To a dry nitrogen-filled 10 mL round-bottomed flask containing di-n-butyltin dihydride (Bu2SnH2, 0.166 g, 0.5 mmol) in 1,4-dioxane (1 mL) was added di-n-butyltin diiodide (Bu2SnI2, 0.243 g, 0.5 mmol) and HMPA (0.180 g, 1 mmol) at r.t. After stirring at r.t. for 10 min, the resulting solution of di-n-butyliodotin hydride (Bu2SnIH, 1 mmol) was cooled to 0 °C. Carbonyl substrate(1a) (0.196 g, 1 mmol), and p-chloroaniline (0.128 g) were added successively, and stirring was continued at 0 ºC for 2 h. The IR absorption band of Sn-H (1850 cm-1) disappeared, which indicated the formation of stannylamide (II). The mixture was heated to 80 ºC and stirred for 2 h. The reaction was quenched with MeOH (0.5 mL), and the residue was chromatographed on silica-gel column [FL100-DX (Fuji silysia)]. Elution with hexane gave pyrrole 2a (0.234 g, 81%).
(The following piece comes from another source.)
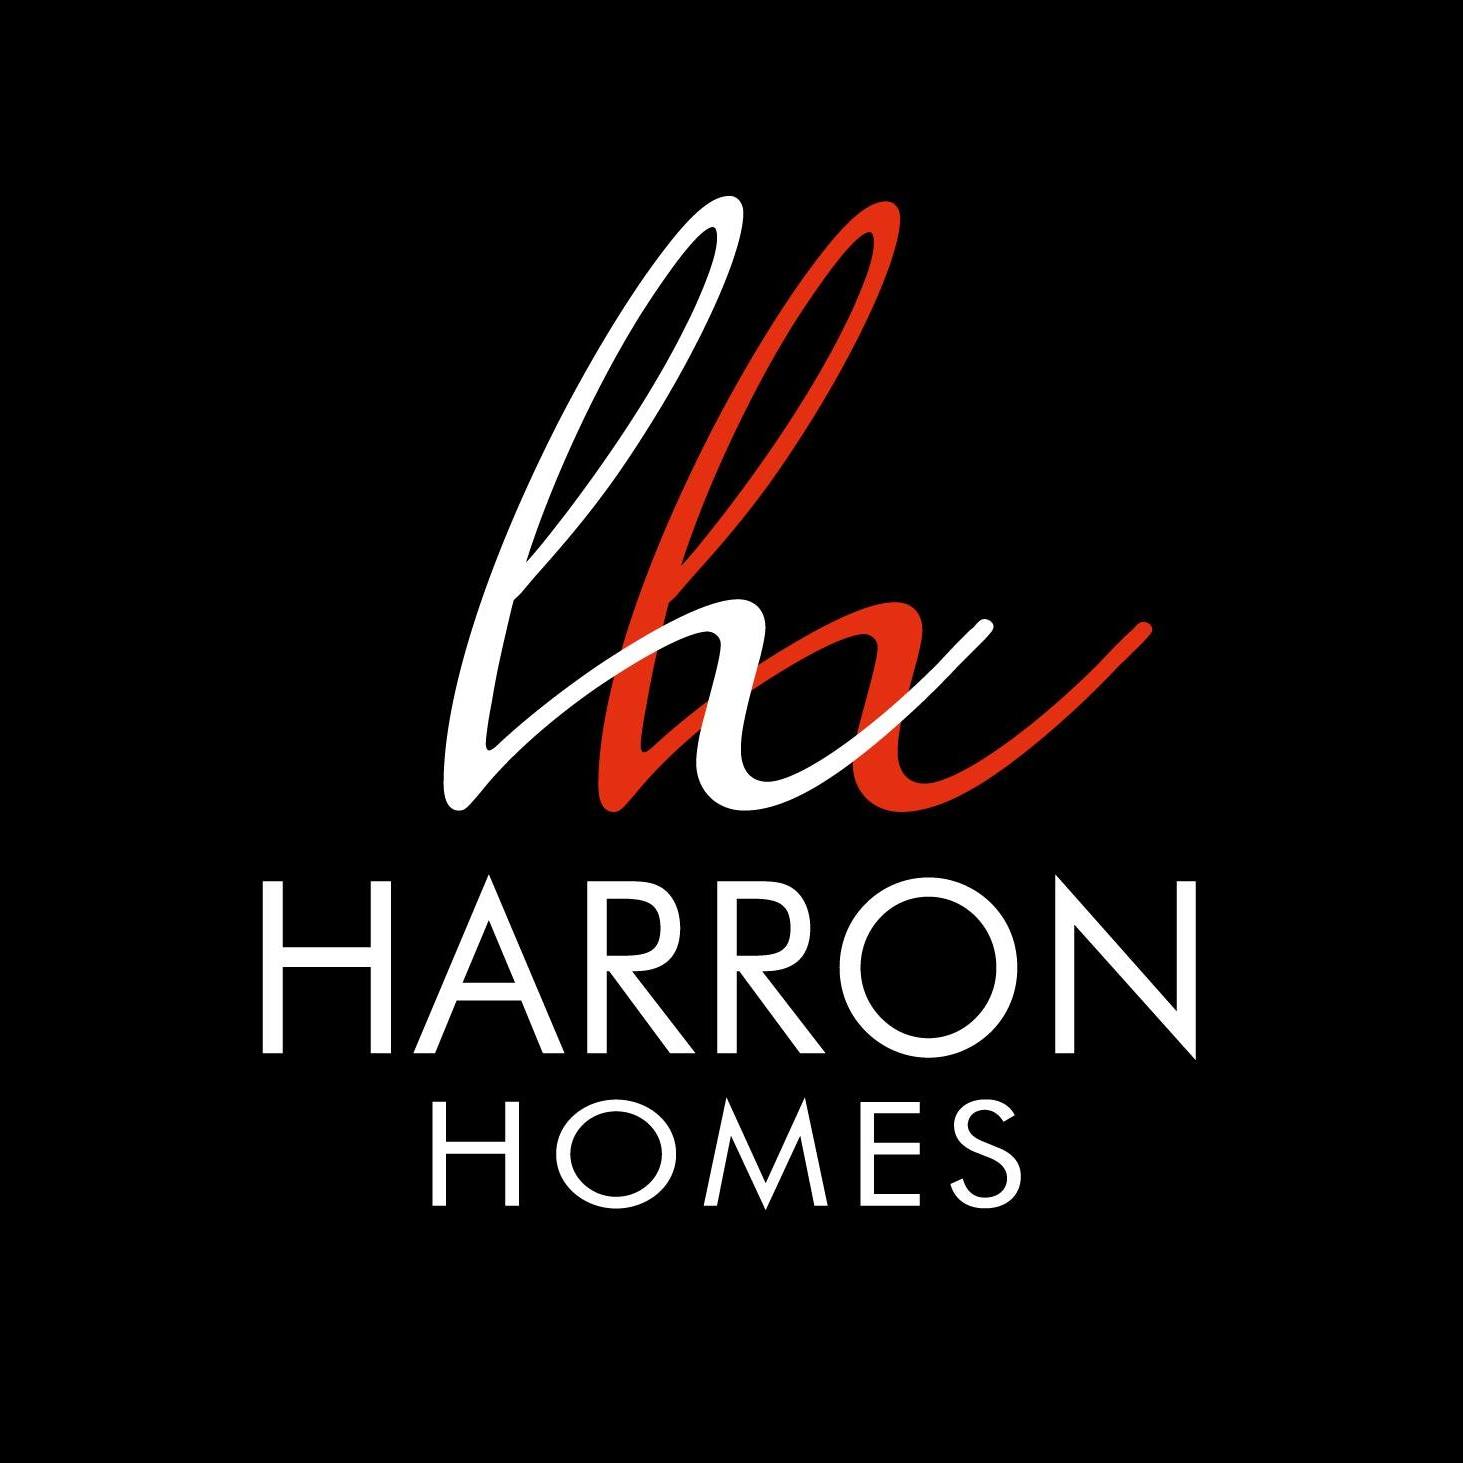 Harron Homes

Spectral data of representative products are as follows.
Compound 2a. IR: 1596, 1496 cm-1. 1H NMR (CDCl3): δ = 0.86 (t, J = 6.83 Hz, 3 H), 1.21-1.30 (m, 10 H), 1.44-1.55 (m, 2 H), 2.49 (t, J = 7.81 Hz, 2 H), 6.04-6.06 (m, 1 H), 6.21 (t, J = 2.93 Hz, 1 H), 6.67-6.69 (m, 1 H), 7.22 (d, J = 8.79 Hz, 2 H), 7.39 (d, J = 8.79 Hz, 2 H). 13C NMR (CDCl3): δ = 14.08, 22.63, 26.65, 29.13, 29.27, 29.30, 31.57, 31.80, 107.10, 108.26, 121.30, 127.30, 129.18, 132.77, 134.21, 139.06. HRMS: calcd for C18H24NCl: 289.1597. Found: 289.1597.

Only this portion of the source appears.